The composition is an elaboration on the conventional desert iconograph for Rain or Water Dreamings: two sets of concentric circles, representing fresh waterholes, joined by a series of meandering lines to represent flowing water. The footprints of the Water Ancestor appear in the lower left quadrant while the black area in the lower right represents a claypan.

A photograph of the Painting Room at Papunya taken in 1972 by an as yet unidentified newspaper photographer from the Herald and Weekly Times, shows the painting in progress. At this stage, Warangkula had depicted a figure beside a set of weapons (a spear, spearthower and boomerang) in the black section in the lower right which now shows the claypan. The artist's decision to overpaint these figurative elements may indicate his concern that the image was too explicit for the public domain – an issue that the Papunya artists had become acutely aware of in the early days of the movement, and which resulted in some artists using fields of dots to 'mask' sacred or secret elements in their paintings.

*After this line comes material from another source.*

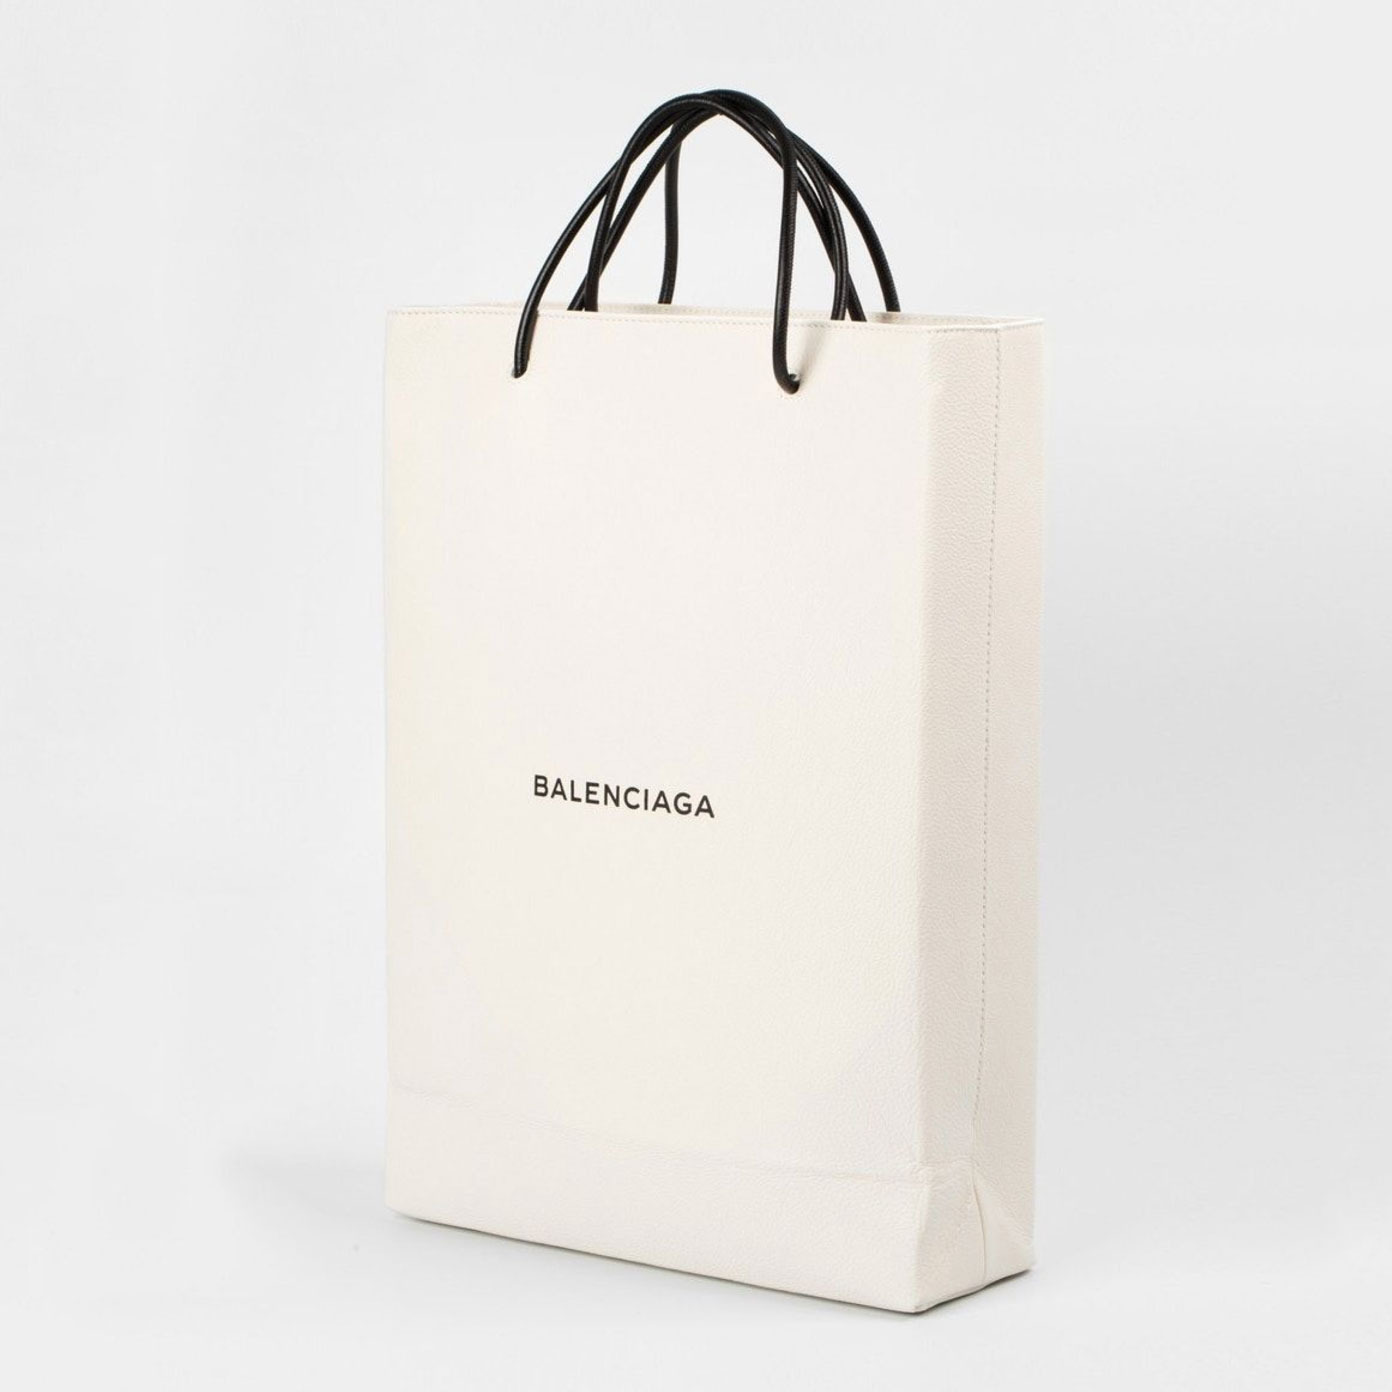 Balenciaga's $1,000 Shopping Bag Is Already Sold Out

This painting is sold with an accompanying label from the Stuart Art Centre, together with an annotated diagram describing the story depicted. The description on the label reads: 'Water dreamings that have come true and a movement of all the root growth under the ground after the rain'. According to the diagram, 'the roundels represent waterholes, the curvilinear lines connecting each waterhole are running water. The irregular shaped area in the top right hand corner represents a claypan, and the footprints to the bottom right of the painting represent the tracks of the Waterman.'

This painting has been requested for inclusion in the forthcoming exhibition, Origins, which is being mounted by the National Gallery of Victoria to celebrate the gallery's 150th anniversary. This exhibition is being curated by Judith Ryan of the National Gallery of Victoria and Dr Philip Batty of Museum Victoria in conjunction with Papunya Tula Artists and will bring together the largest and finest collection of early Papunya paintings executed in the 1971-1972 period. It is intended that the exhibition will tour to one or more major international institutions after its Melbourne showing.